Task prompt:
Copy every line of the data below exactly as given, except for the pictures.

Information supplied:
----------------
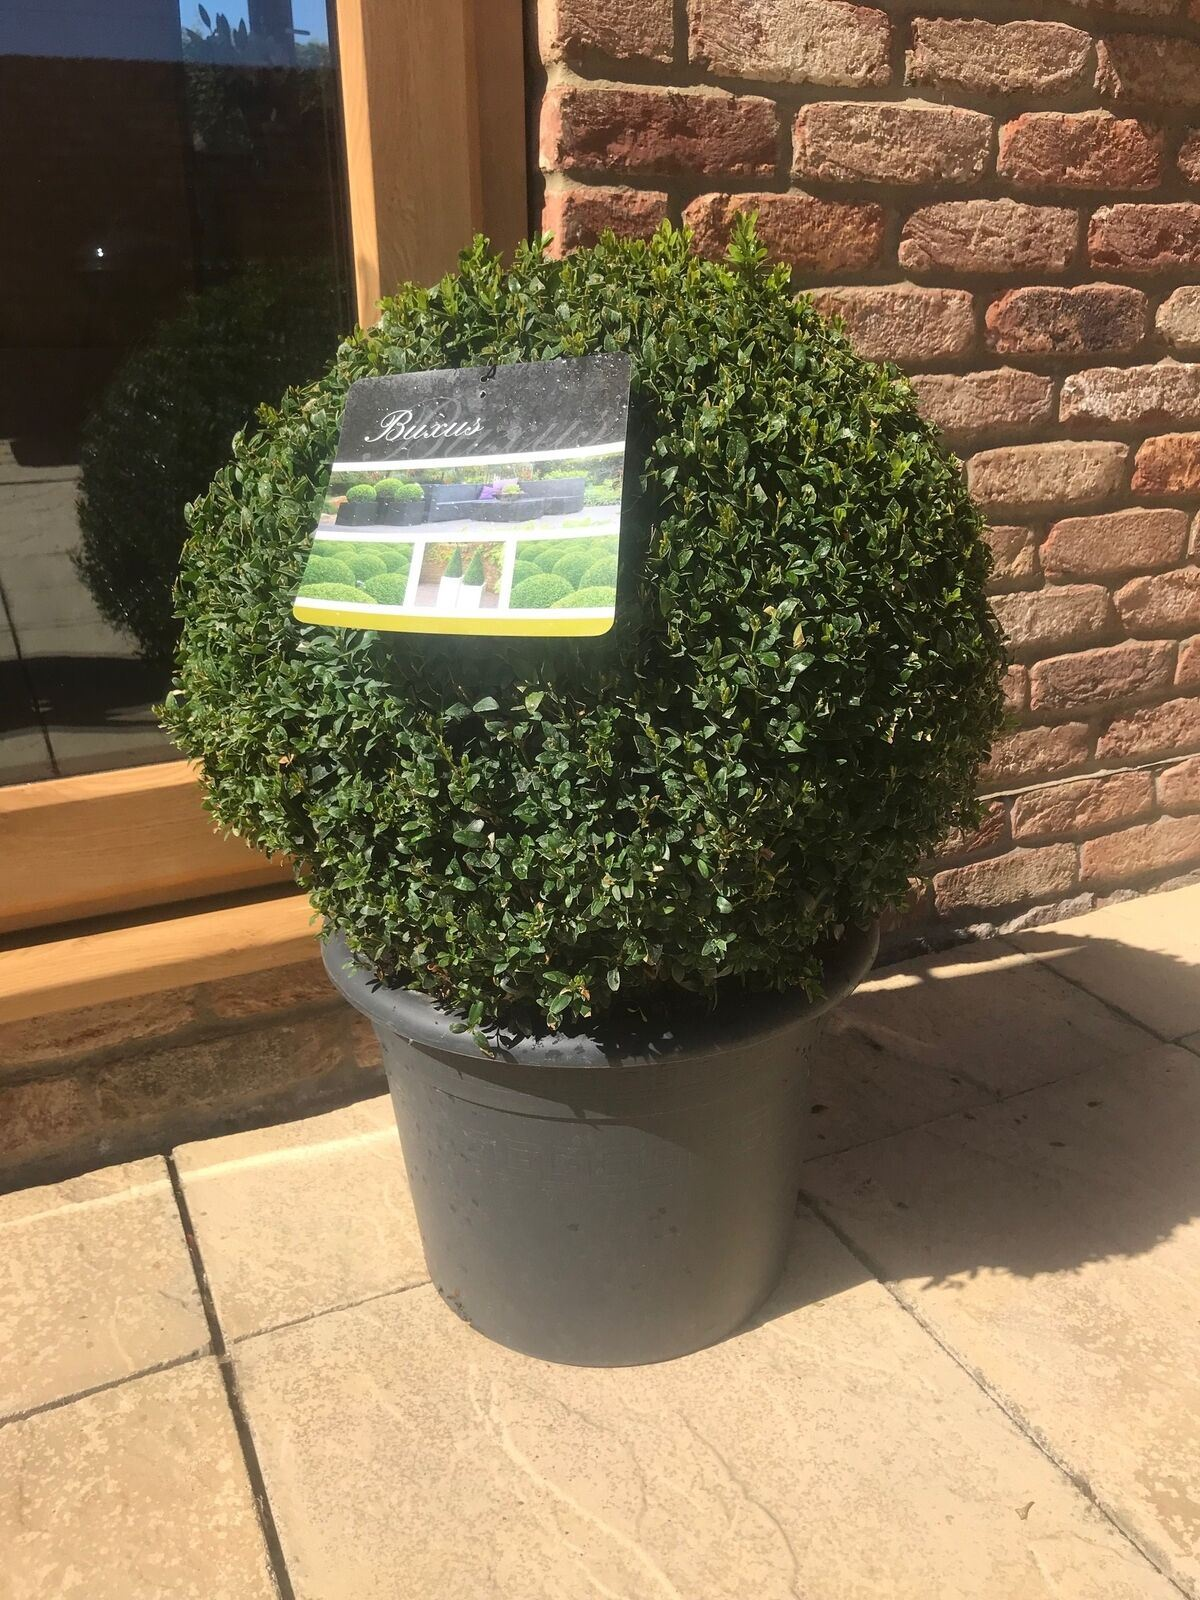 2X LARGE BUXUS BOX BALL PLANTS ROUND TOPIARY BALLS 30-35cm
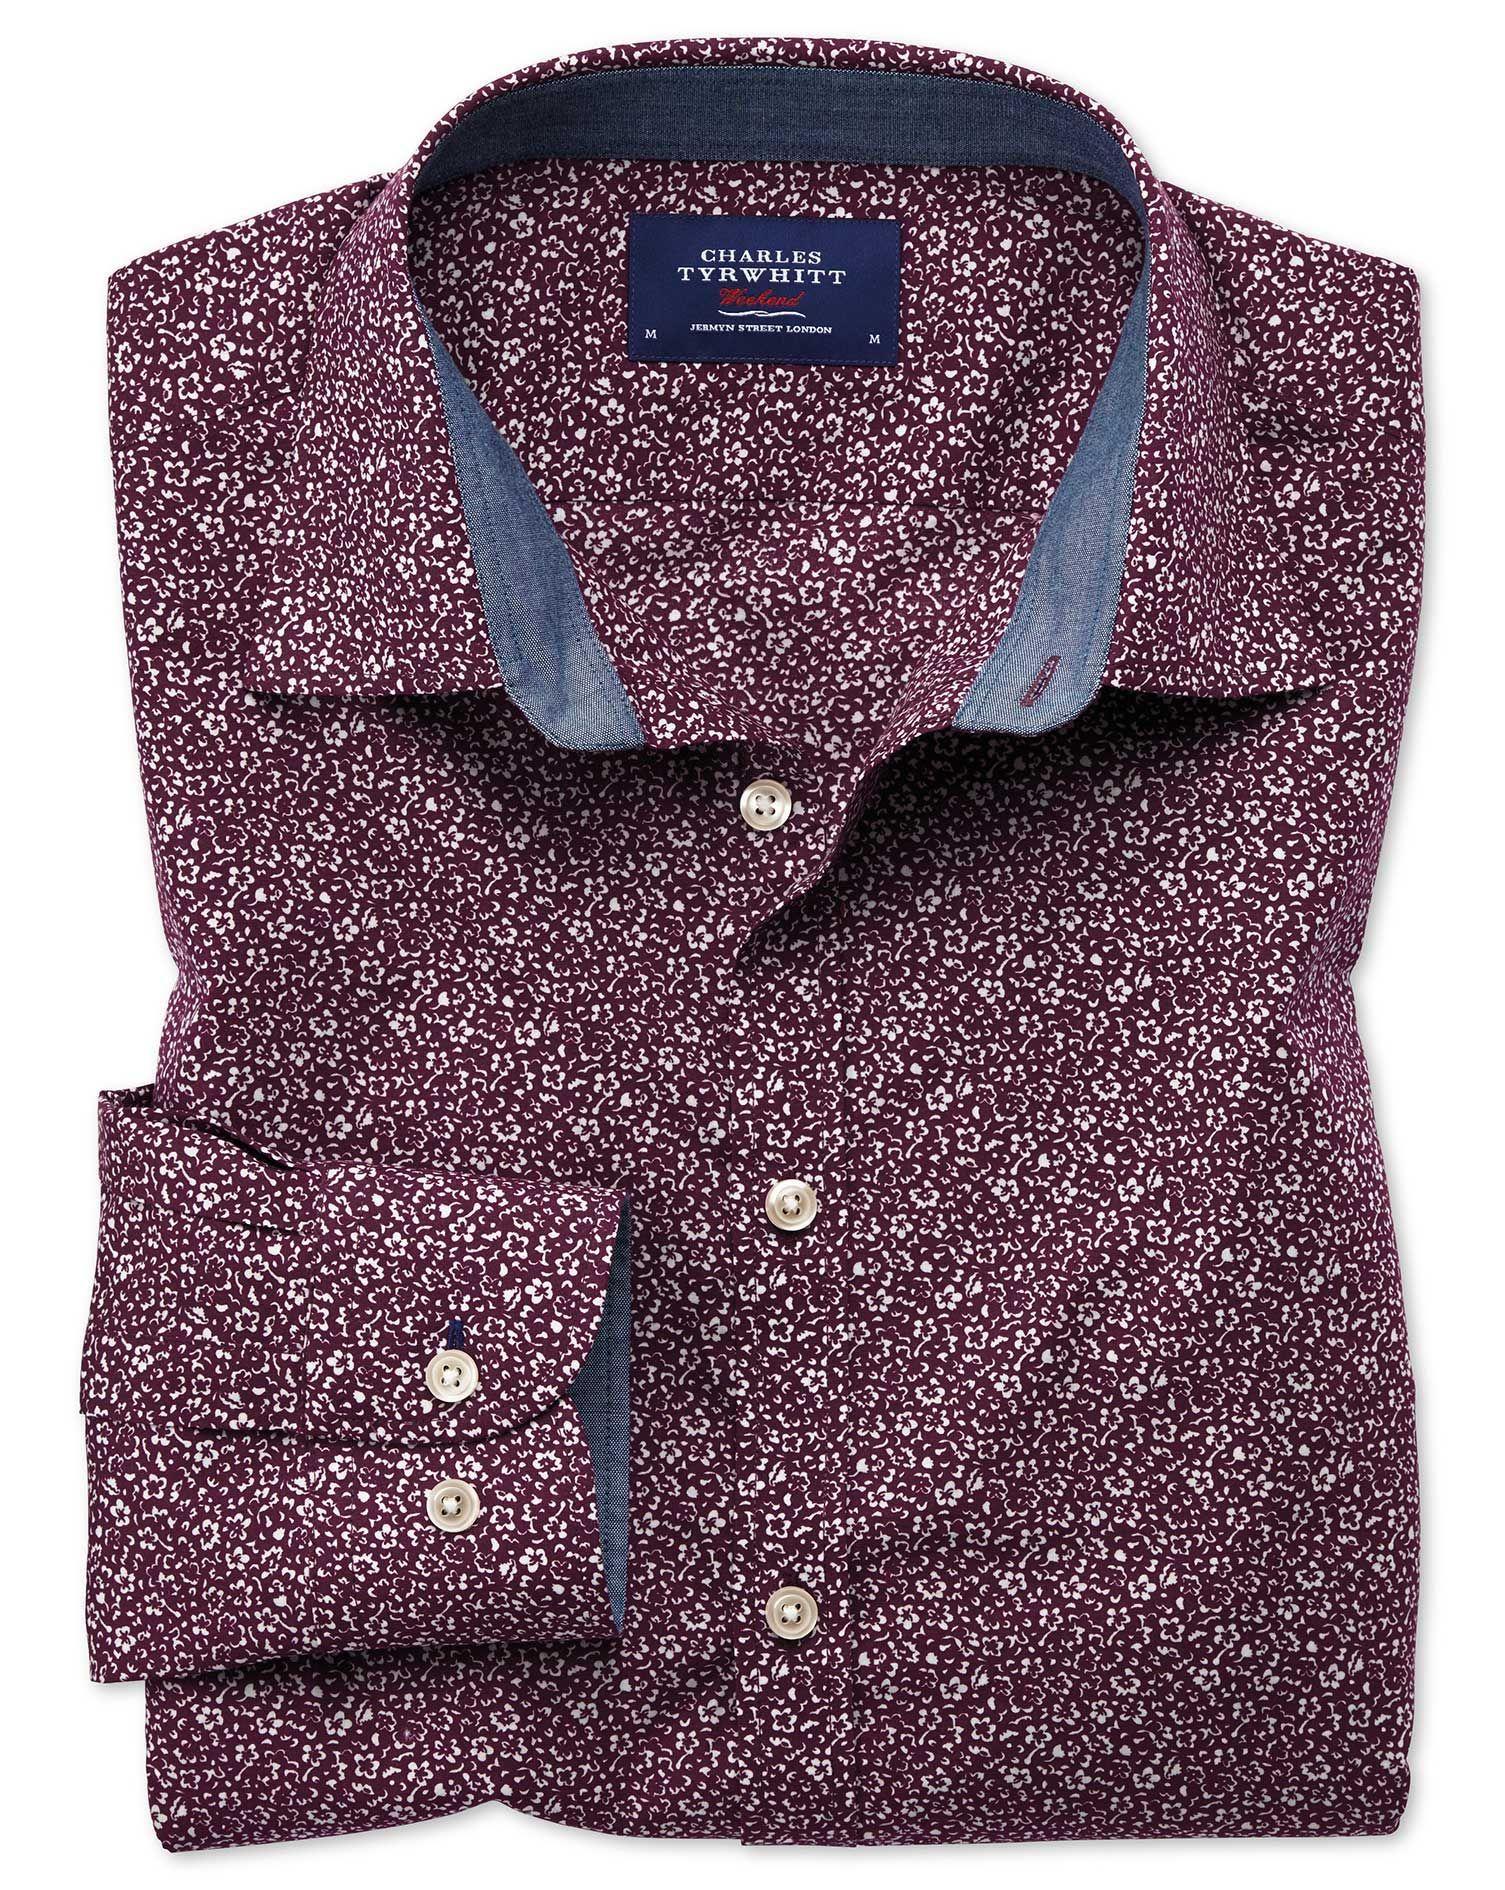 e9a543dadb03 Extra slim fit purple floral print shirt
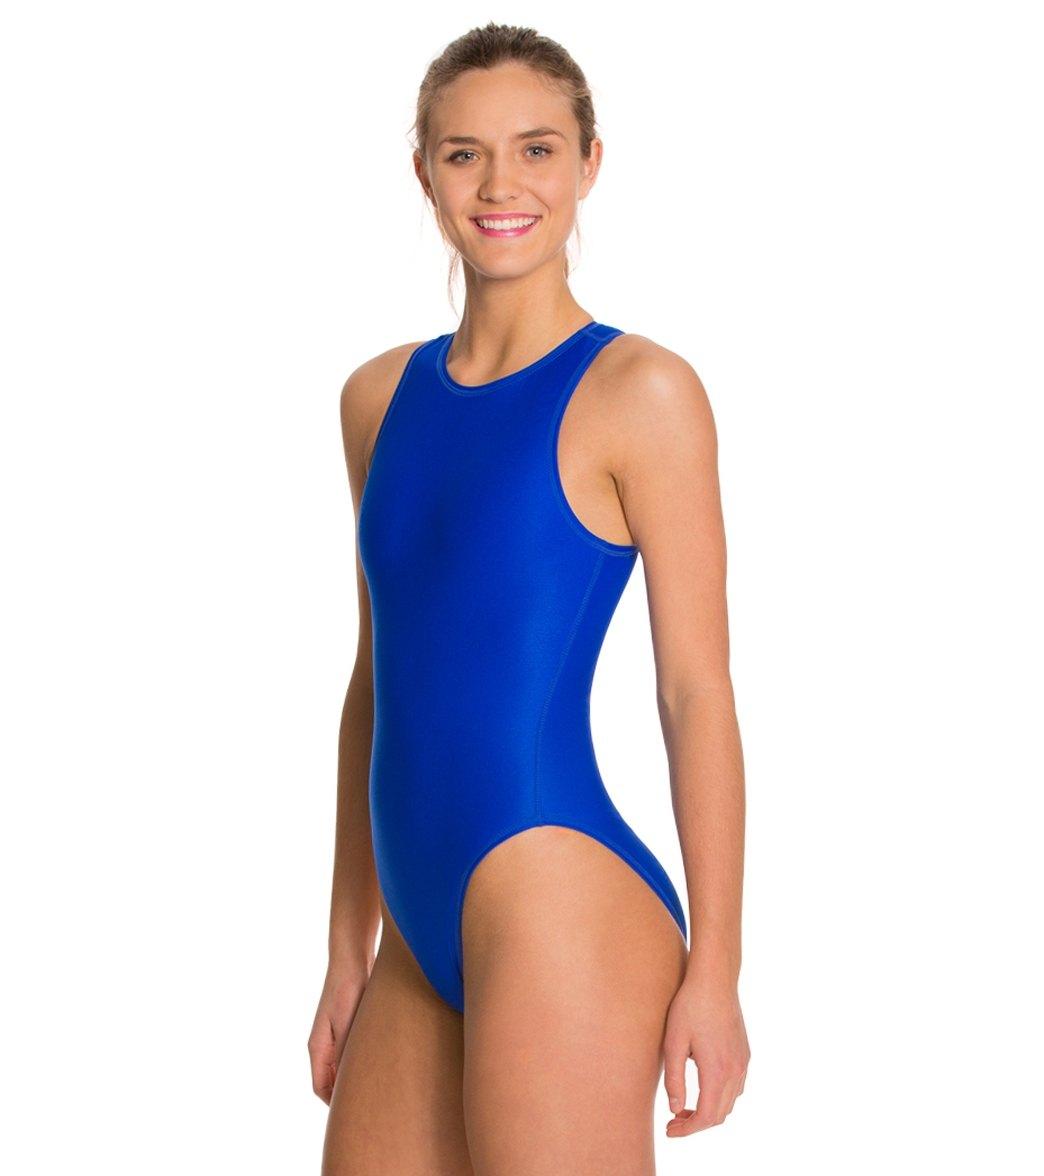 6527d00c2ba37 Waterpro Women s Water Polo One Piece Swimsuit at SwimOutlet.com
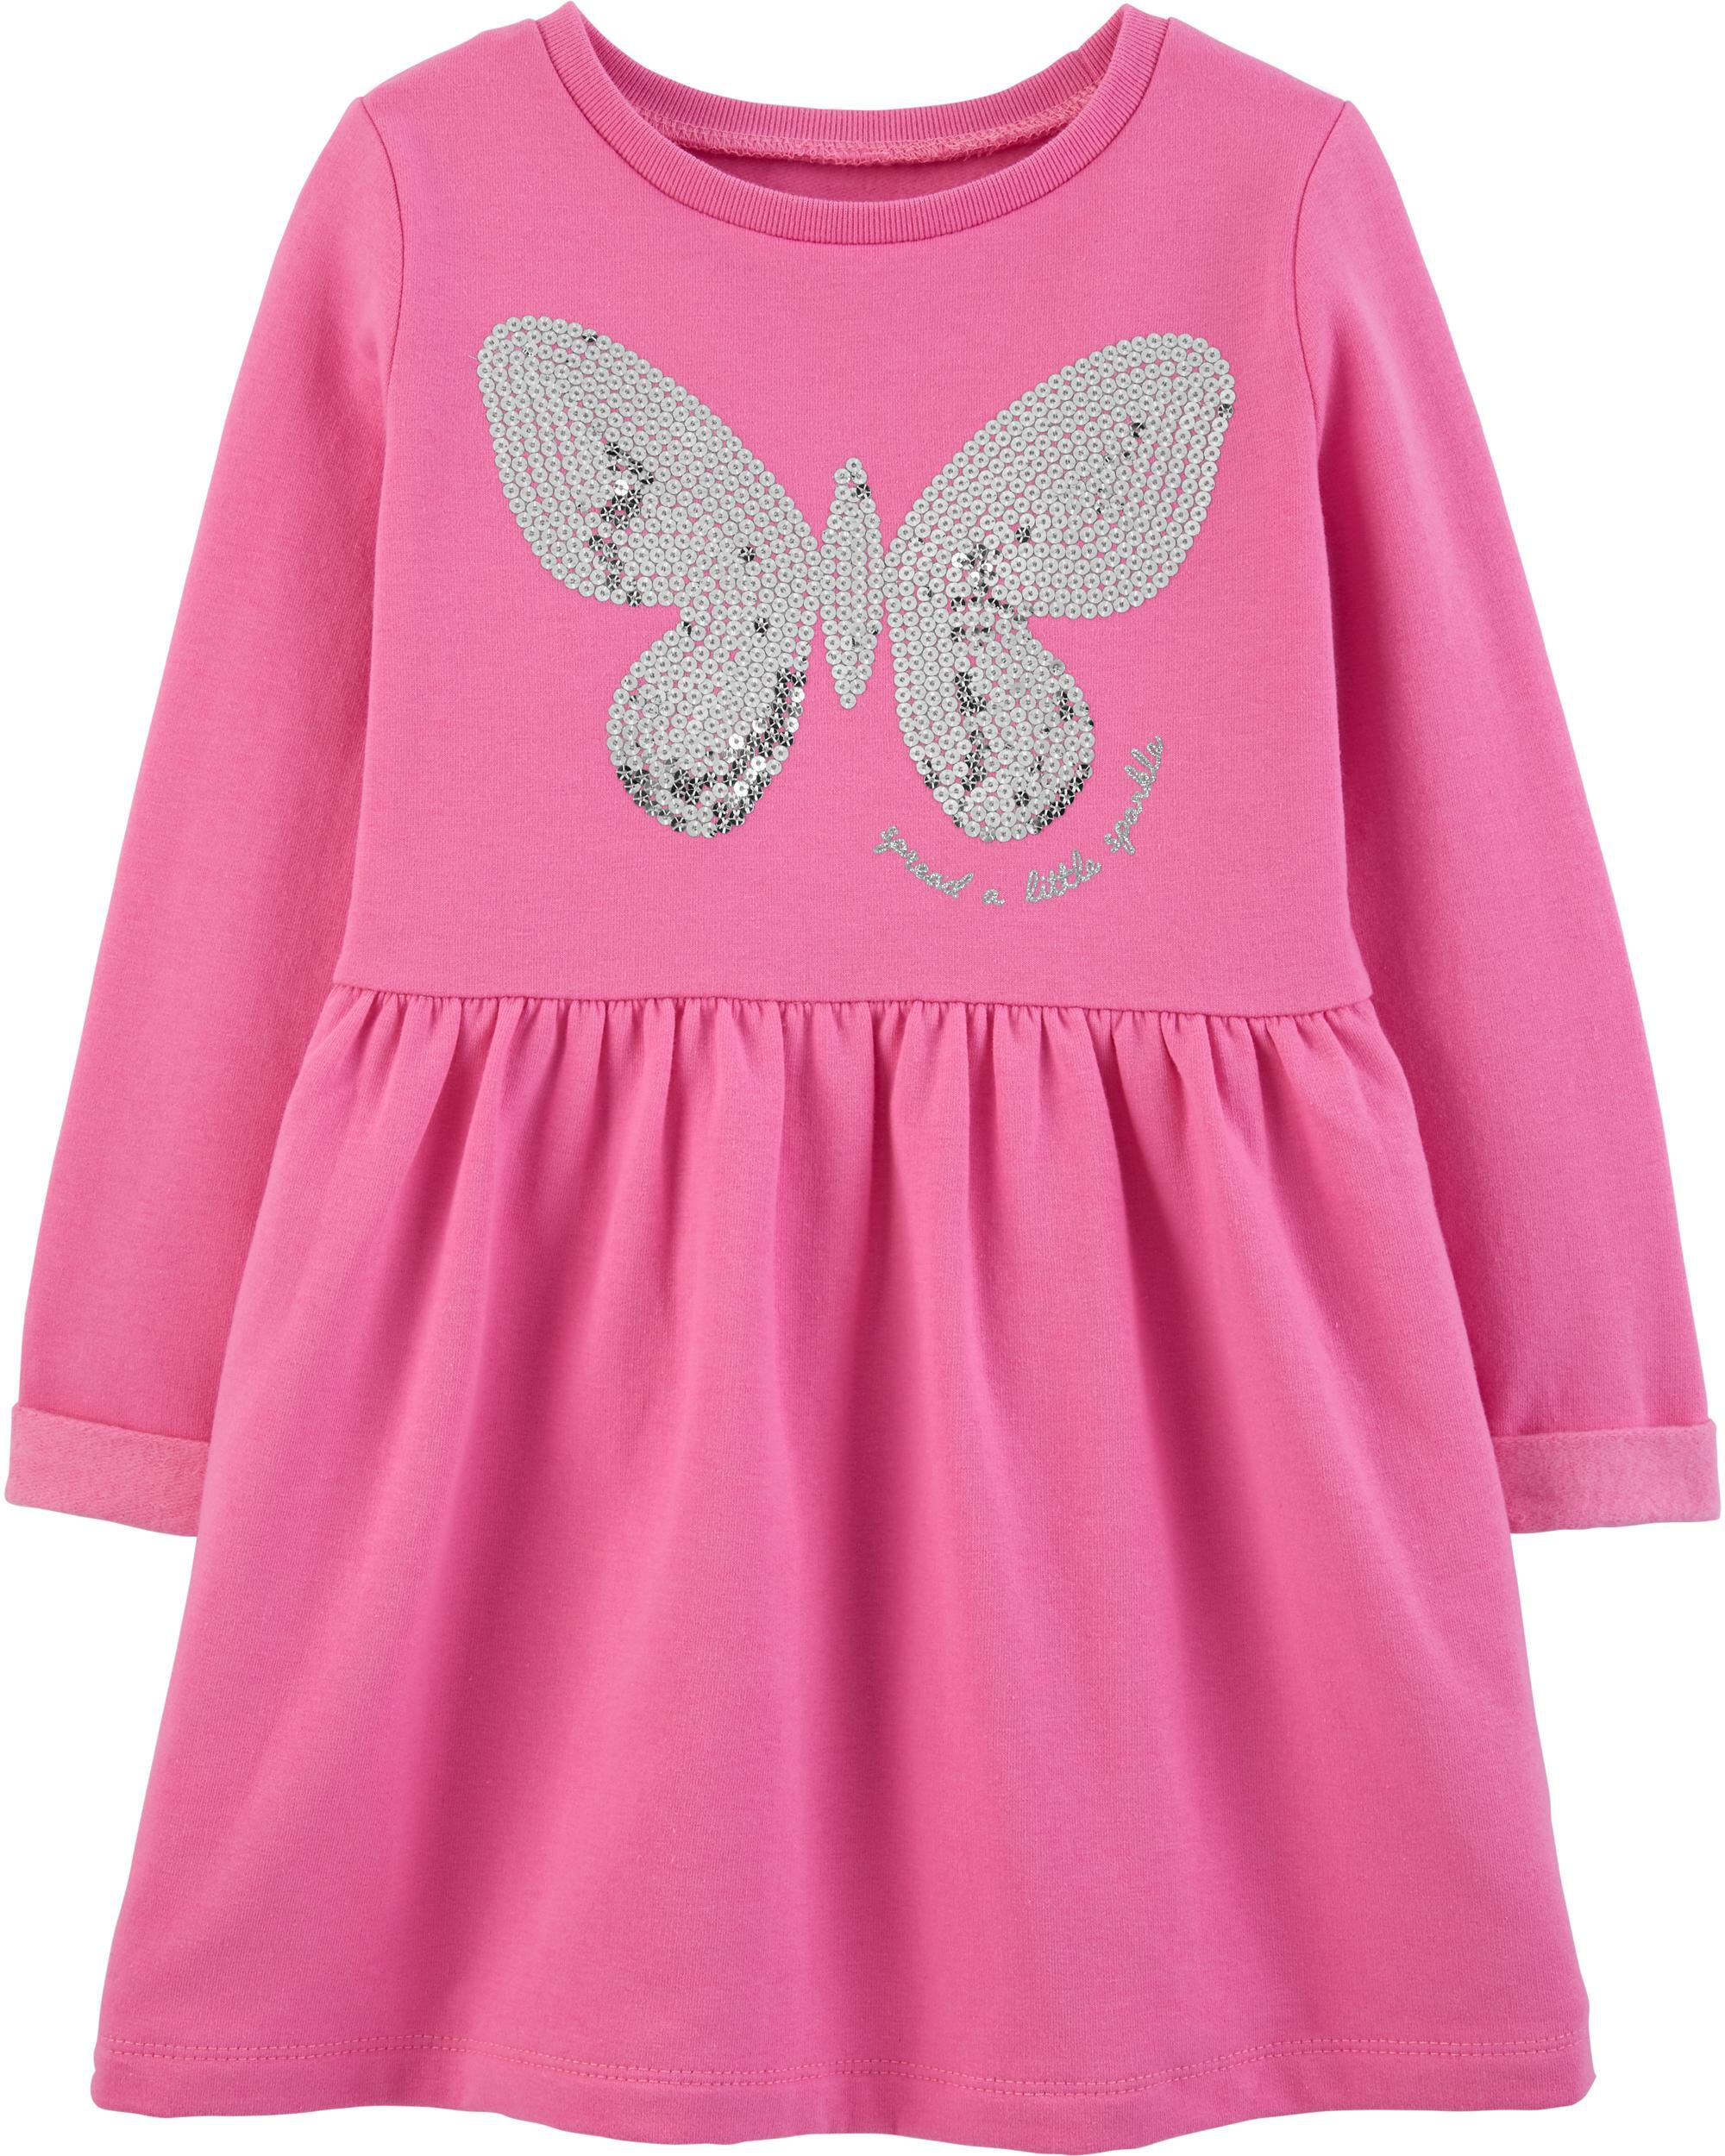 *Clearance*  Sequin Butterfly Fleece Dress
----------------
Solution:
 2X LARGE BUXUS BOX BALL PLANTS ROUND TOPIARY BALLS 30-35cm
 e9a543dadb03 Extra slim fit purple floral print shirt
 6527d00c2ba37 Waterpro Women s Water Polo One Piece Swimsuit at SwimOutlet.com
 *Clearance*  Sequin Butterfly Fleece Dress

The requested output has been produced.